描述（由申请人提供）：GM1神经节病是由B-半乳糖苷酶的酶缺乏引起的神经退行性溶酶体储存疾病，导致整个神经系统中GM1神经节蛋白的积累。尽管在1881年首次描述，但今天的神经节剂仍无法治愈，直到最近5年，成功的治疗几乎没有希望。猫节神经节病模型中与腺相关病毒（AAV）基因疗法的真正显着结果支持人类临床试验的启动。但是，在临床试验患者中准确评估治疗益处的障碍是他缺乏跟踪疾病进展的客观生物标志物。以下特定目的的目的是使用磁共振成像（MRI）的排列来有效评估有或没有AAV治疗的神经节病猫中疾病进展（或功能的保留）。 AIM.1使用7 Tesla（T）MRI获得猫GM1神经节病大脑的串行高分辨率图像。 AIM2。

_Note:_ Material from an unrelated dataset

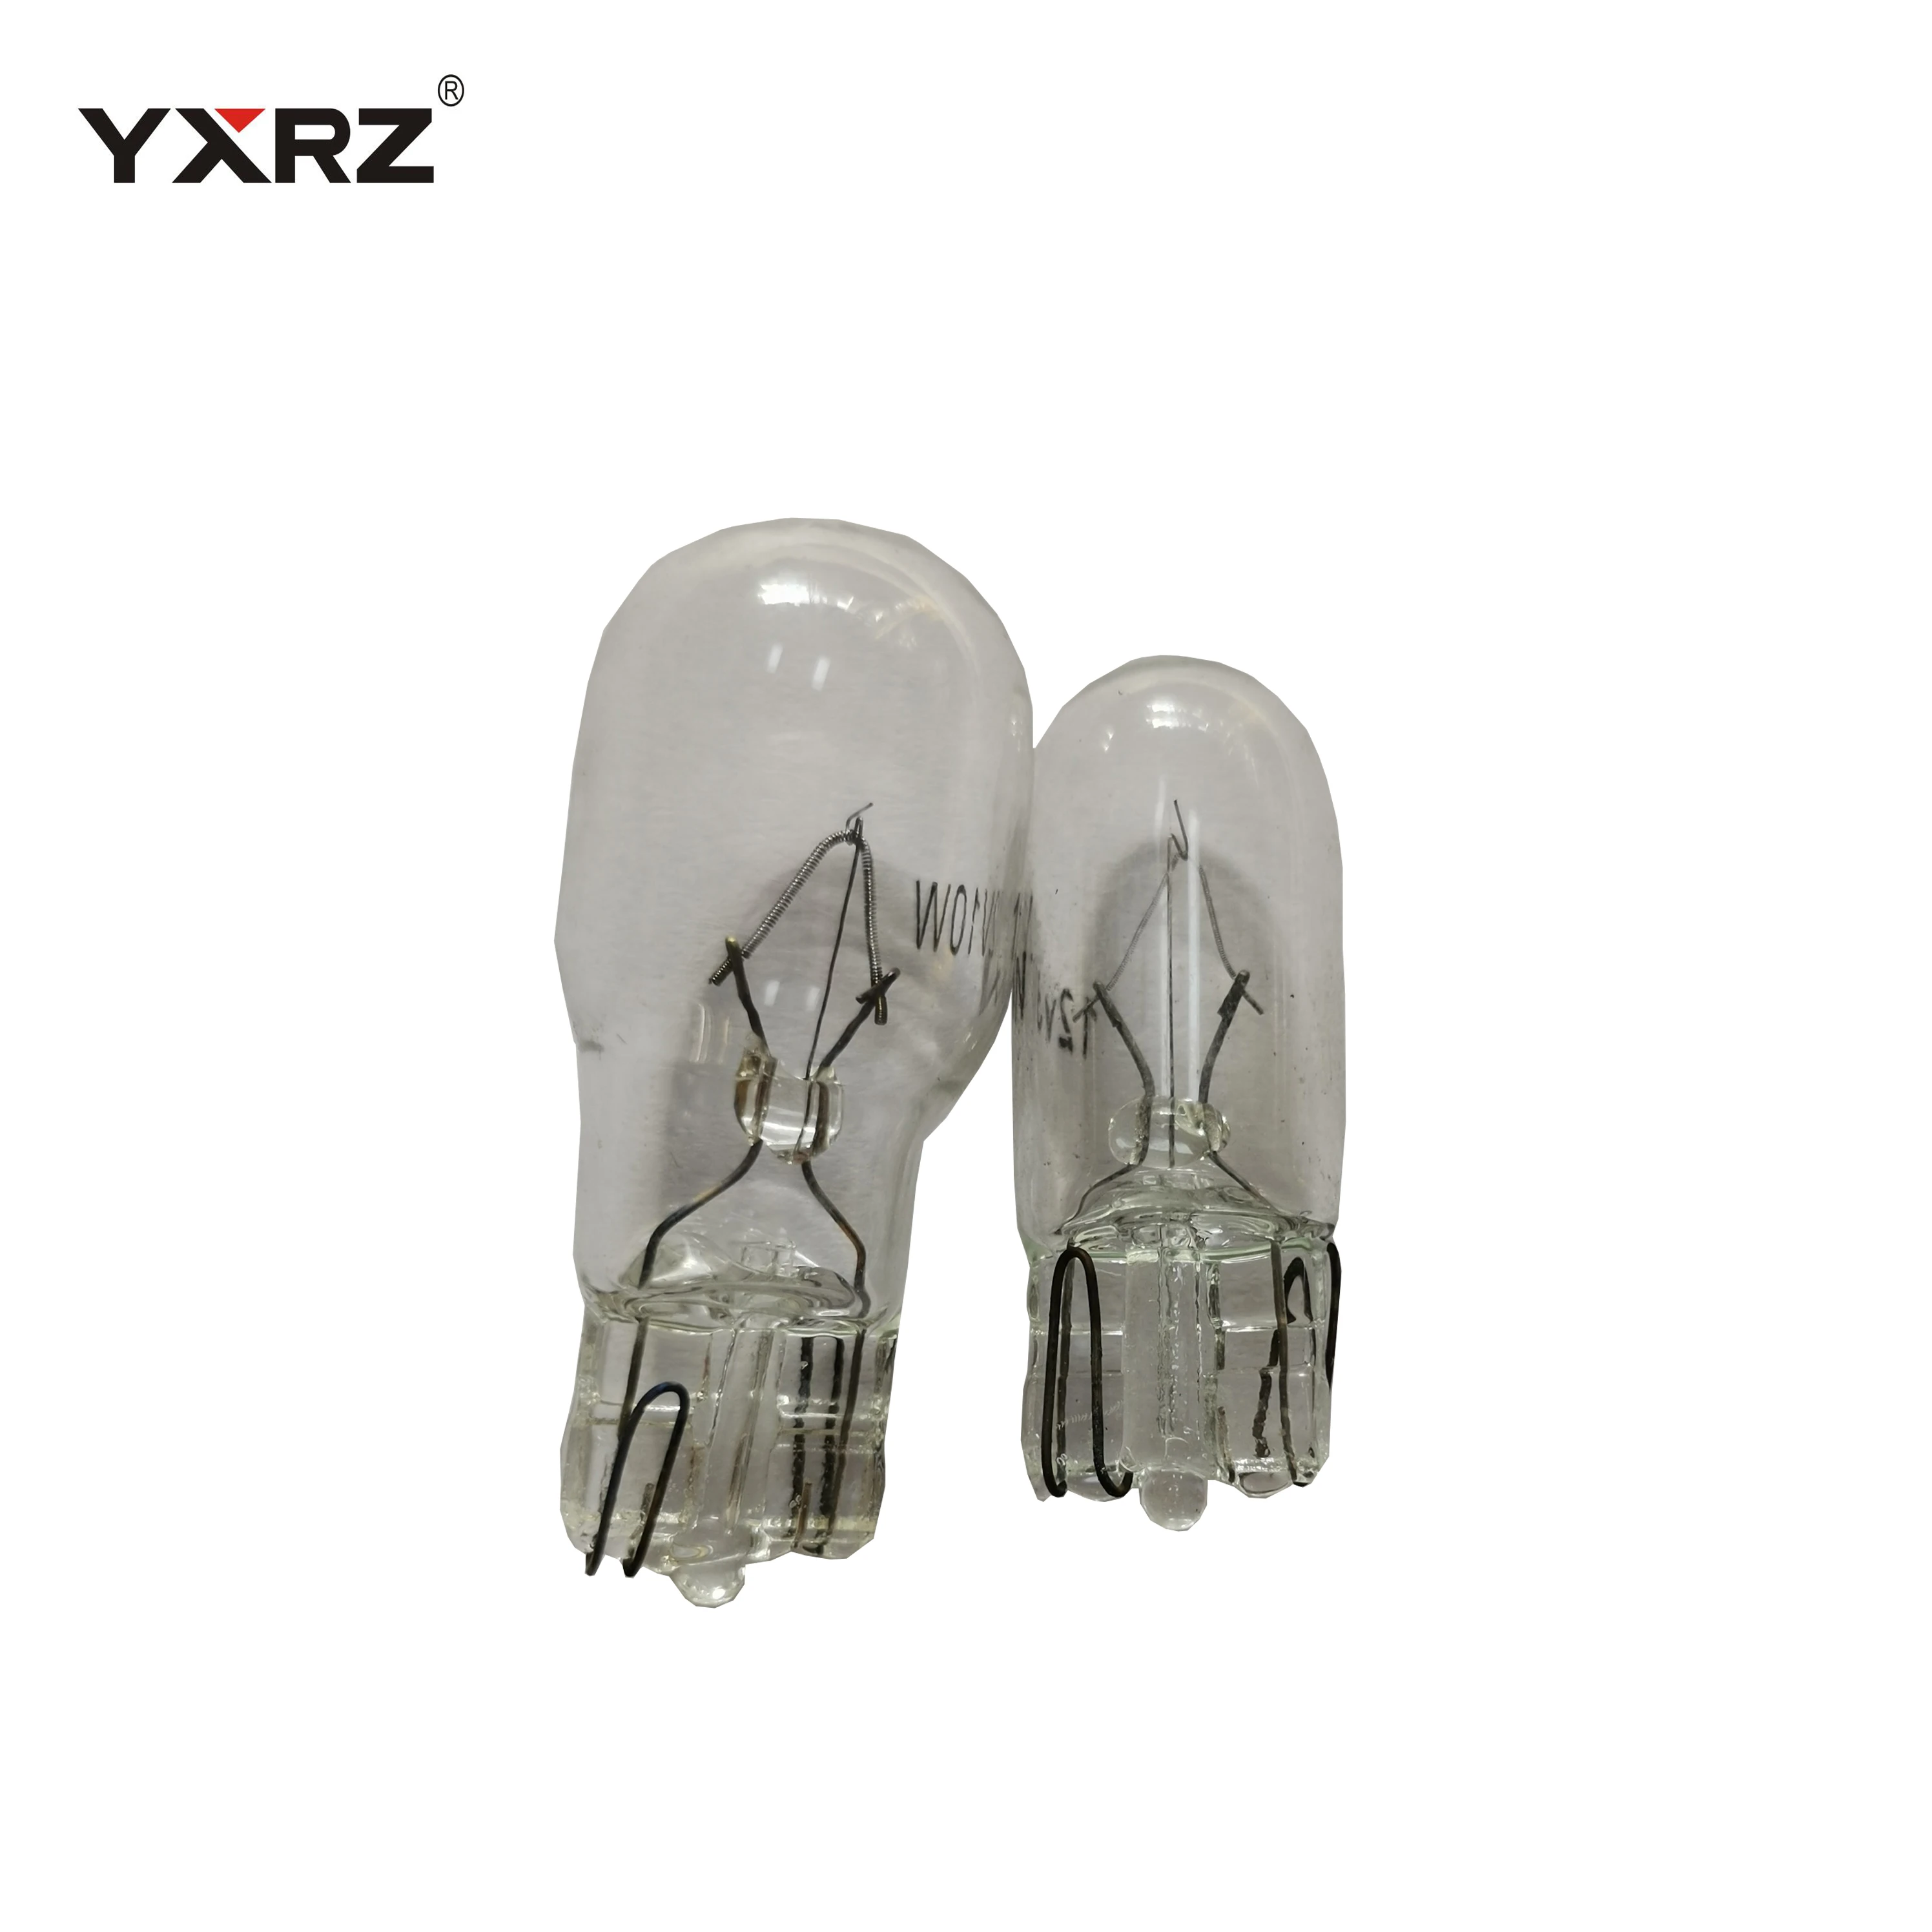 Universal glass auto lighting 12V 3W 10W high brightest motorcycle T13 T10 halogen indicator light bulbs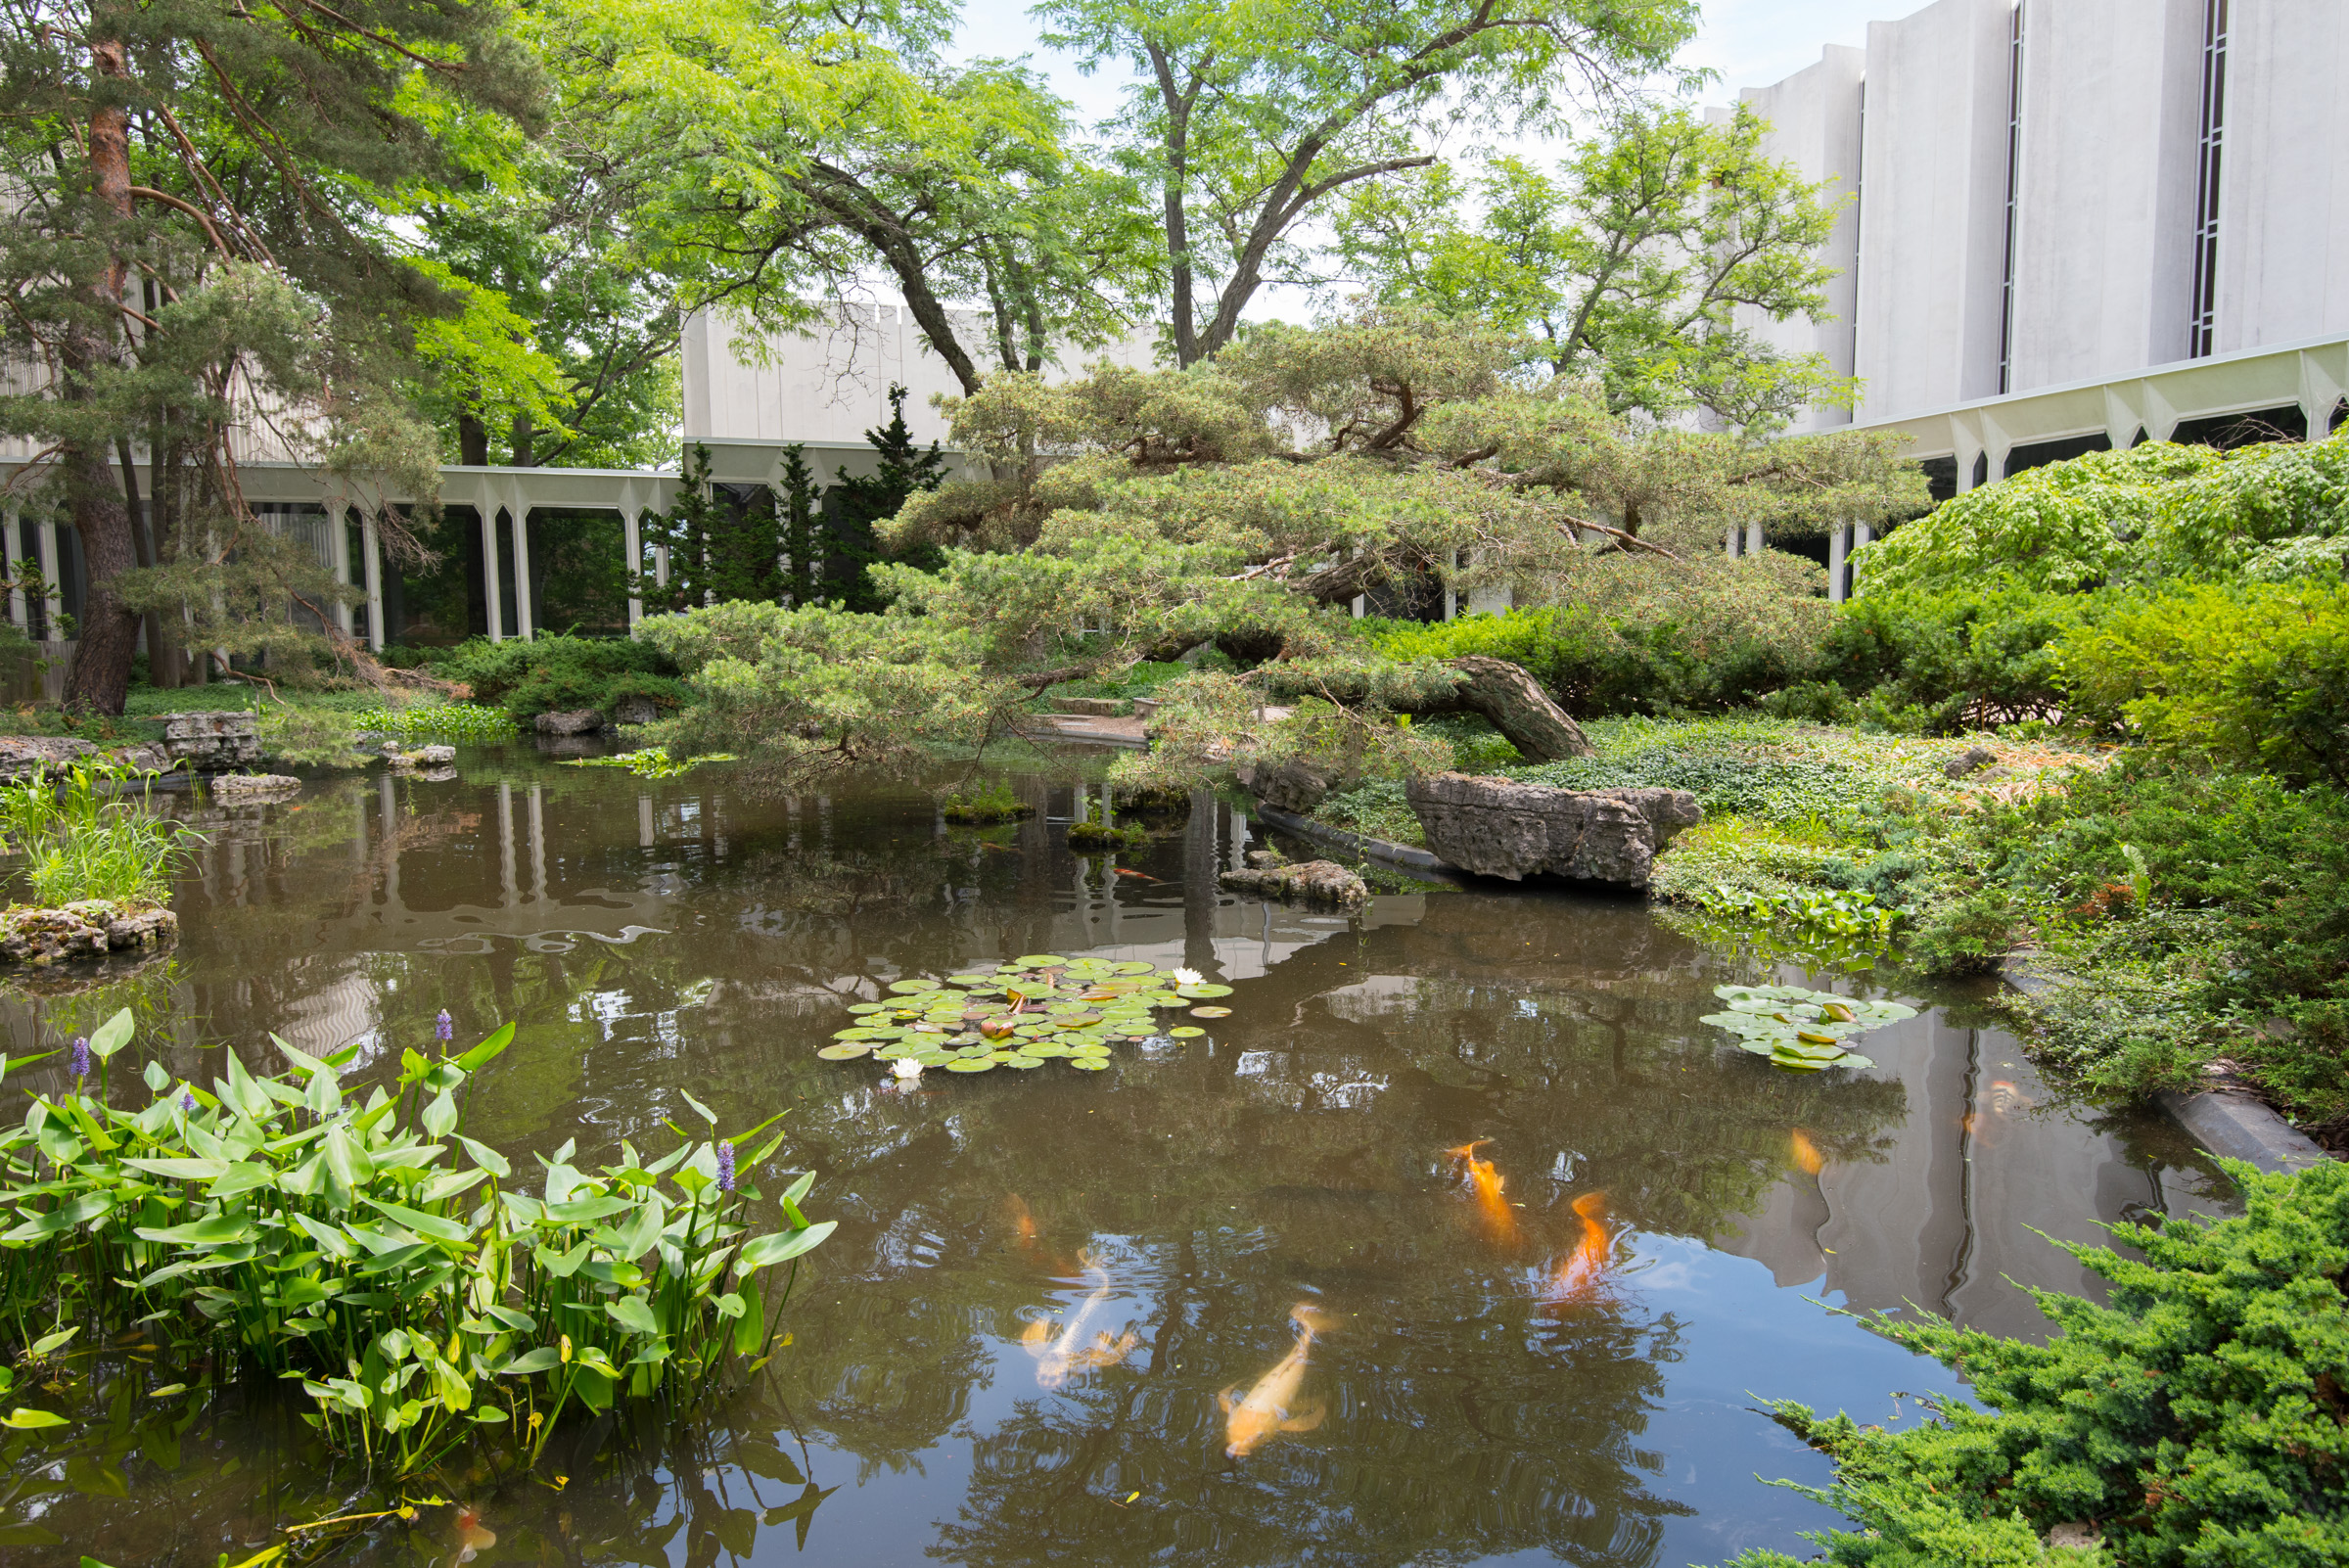 Reflection pond outside of Bibbins Hall

用MR光谱法（MRS）评估神经节病中的脑生物化学。 AIM 3。使用高分辨率核磁共振（NMR）光谱识别神经节病大脑中的代谢产物谱。申请人的培训将通过赞助和外部机构提供的MRI简短课程，通过赞助商机构进行核磁共振培训，负责任的研究模块和研讨会的负责人，以及与赞助商，共同赞助者和关键人员的日常互动。当前建议中的解剖图像将使用7T扫描仪获取，并将对皮质和皮层下靶标进行定量测量，例如丘脑，尾状核和脑干。使用MRS，将在GM1神经节病大脑中报道的瓜尼替酸或GAL-B（1-6）GAL-B（1-4）GAL-B（1-6）GAL-B（1-4）GAL-B（1-4）GAL-B（1-6）GAL-B（1-6）GAL-B（1-6）的峰值共振，将在每种饮料中测量的寡糖，thalamus，Frontal Cortex，cottipital lebe，extremal lobe and exereal lobe。高分辨率NMR光谱法将允许对上述脑代谢产物以及本研究完成期间遇到的任何新型代谢产物进行定量分析。通过使用基于磁共振的技术，该项目将更彻底地表征未经处理的猫中的神经节病疾病进展，并评估AAV基因治疗治疗的猫的治疗益处。